Hence, we have developed fifteen machine/deep learning models to identify security discussions from developer discussions (GitHub issues and Stack Overflow posts) of microservice systems. Our results show that DeepM1, a deep learning model, performs the best. On average, the developed machine/deep learning models could achieve 84.86% precision, 72.80% recall, 77.89% F1-score, 83.75% AUC, and 82.77% G-mean. We further solicited microservices practitioners’ perception of the usefulness of the results produced by DeepM1 through another survey (i.e., validation survey). The respondents to the validation survey acknowledged that the security discussions detected by DeepM1 could have promising applications in practice.
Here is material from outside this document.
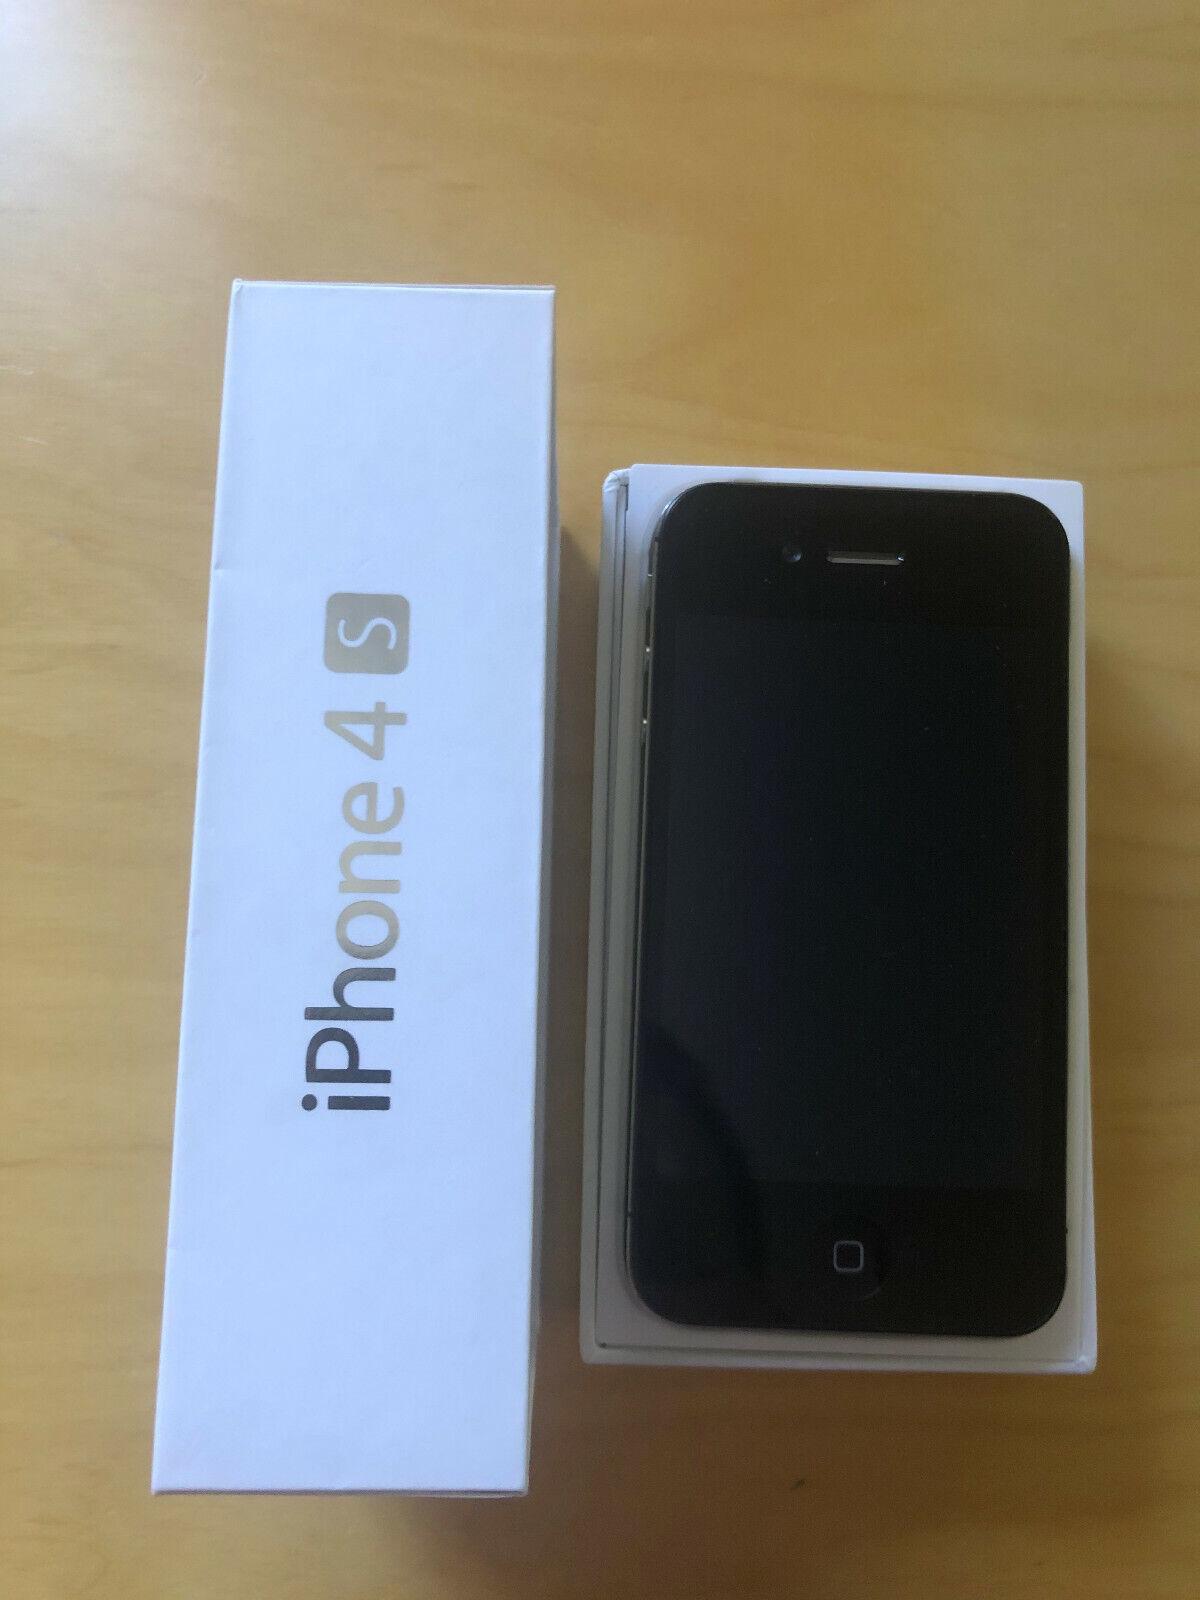 Apple iPhone 4s - 16GB - Schwarz (Ohne Simlock) sehr guter Zustand & OVP

Notably, the security discussions can help practitioners make informed security decisions in the future or refine the existing sub-optimum security decisions and identify security-critical issues (e.g., security bugs, security mistakes, etc.) faster in microservices systems.

We plan to apply our models to a range of commercial microservices systems in the future. We also intend to qualitatively analyze security discussions to build an evidence-based knowledge about best security practices for microservices systems. Further to this, we aim to extend our models to identify and classify the types of security decisions in developer discussions.


We would like to thank all the practitioners who participated in the surveys. This work is partially sponsored by the National Key R&D Program of China with Grant No. 2018YFB1402800.